Батый чуть вздернул правую бровь. Мгновенно затихла музыка, и танцовщицы замерли, изогнувшись и заломив в сторону повелителя тонкие руки.
Толмач распластался перед ханом и срывающимся голосом передал ему речь Истомы.
Медленно поднял Батый на боярина свои хищные, ястребиные глаза. И вдруг черная молния сверкнула в его взгляде, переброшенном на Федора.
— Князь, — обратился Батый к Федору, — ты обманул меня, перечисляя богатства Руси. Почему ты не сказал мне о красоте жены твоей?
Потом князь взял из рук муллы пергаментный свиток и показал его Федору:
— Вот наш договор. Я оставлю его у себя до тех пор, пока ты не приведешь ко мне в шатер жену твою. Хочу посмотреть на ее красу.
Федор медленно встал с ковра. Лицо его было белее снега, глаза же метали молнии.
— Хан, — глухо проговорил он, — не пристало тебе менять слово свое ради клеветы неразумного.
Батый бросил взгляд на Истому, и у того сразу выскочил из головы хмель.

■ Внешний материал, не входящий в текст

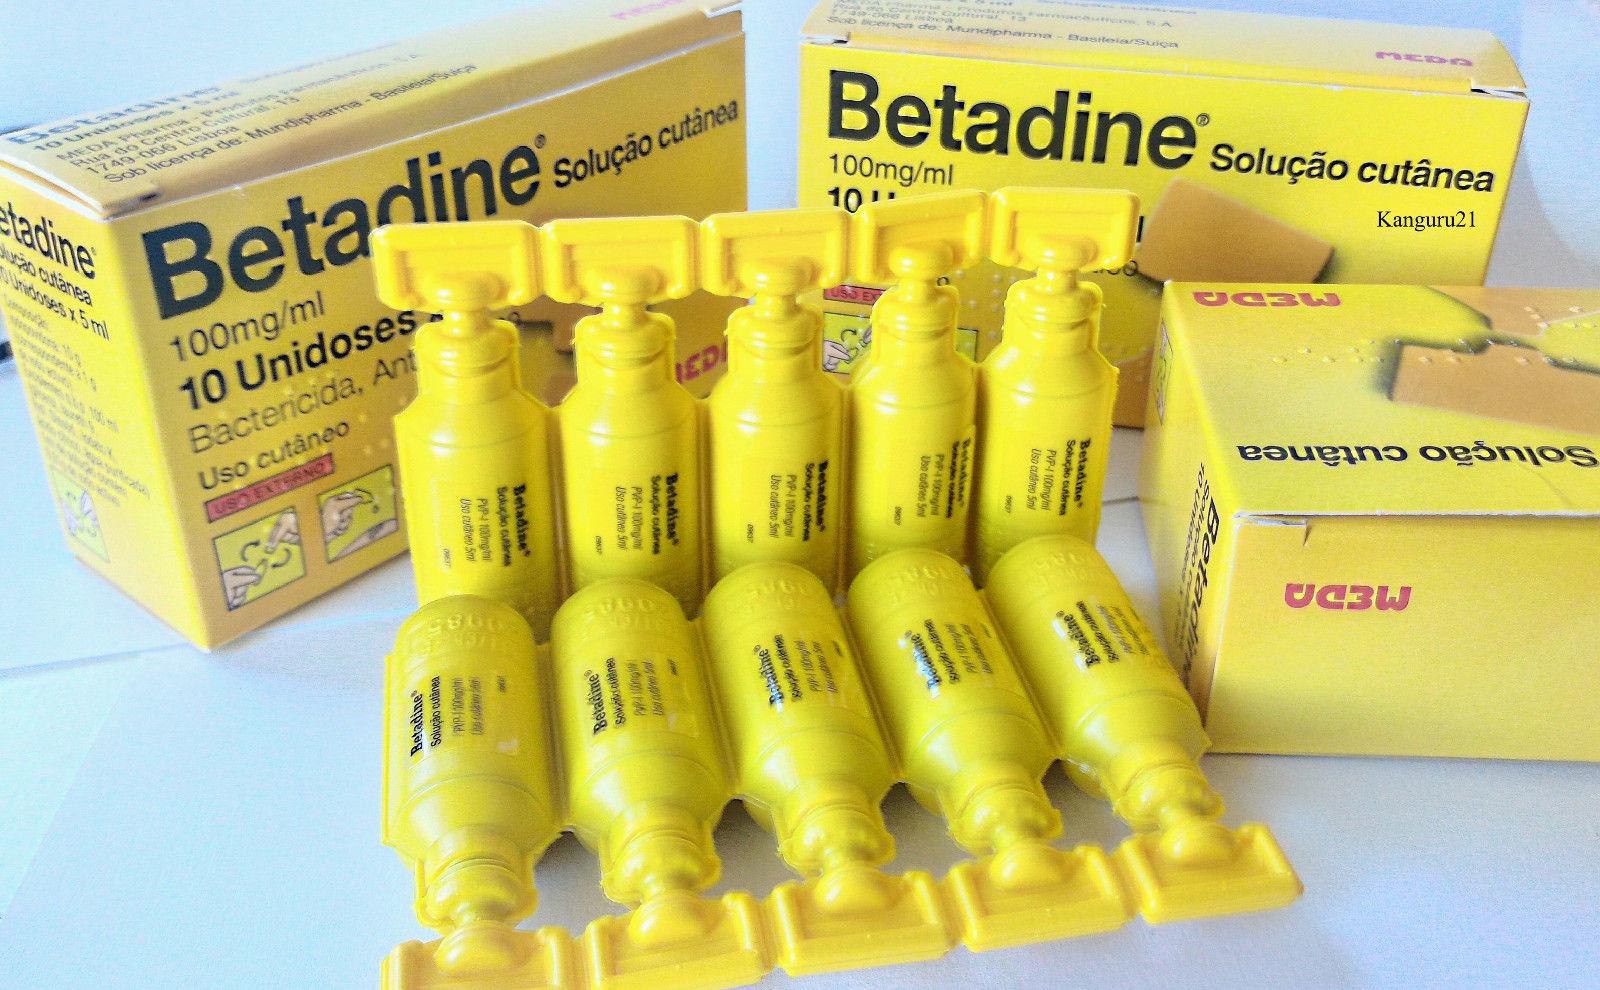 Pods Betadine 5ml Cc First Aid Skin Cleanser Antiseptic Solution 5 Ml 295 Povidone Iodine Ebay

Почувствовав, что еще можно отвратить беду от родной земли, Федор подавил гнев и обиду, попытался улыбнуться:
— Обманул тебя мой вотчинник, хан, и за этот обман я взыщу с него полной мерой. Прекрасны, как звезды тихой ночью, твои жены, и только их песни усладят твой слух.
Ополоница задрожал, услышав голос Федора. Понял он, что только ради любви к земле своей мог пойти его воспитанник по пути смирения.
Но хан бросил свиток в жаровню с пылающими углями, пергамент затрещал, искривился и вспыхнул желтым пламенем.
— Ты обмануть меня хочешь! — сказал он в лицо Федору. — Я могу послать за твоей женой мои войска, потому что нет предела моим желаниям. Но мне надо, чтобы ты сам привел свою Евпраксию в мой шелковый шатер. Я сказал!
Федор вытянулся подобно струне:
— Не пригоже нам, русским людям, водить жен своих к поганому хану на бесчестье! Вот когда одолеешь Русь, побьешь нас, тогда и женами нашими владеть начнешь!
И бросился на хана с поясным ножом. В шатре раздался визг пленниц.
Мгновенно угрюмые ханские военачальники встали между князем и Батыем. Двое из них тут же упали под ударами князя, но третий занес на головой Федора кривой ятаган.
Протрезвевший Истома Тятев понял, что предал не только князя, но и Русь, заслонил его грудью и пал мертвым на ковер.
Началась сеча.
Ополоница не смог сразу защитить Федора: к нему бросился мулла и повис на его руках. Ополоница сжал горло старика, под пальцами хрустнули кости, и отбросил тело погибшего в сторону.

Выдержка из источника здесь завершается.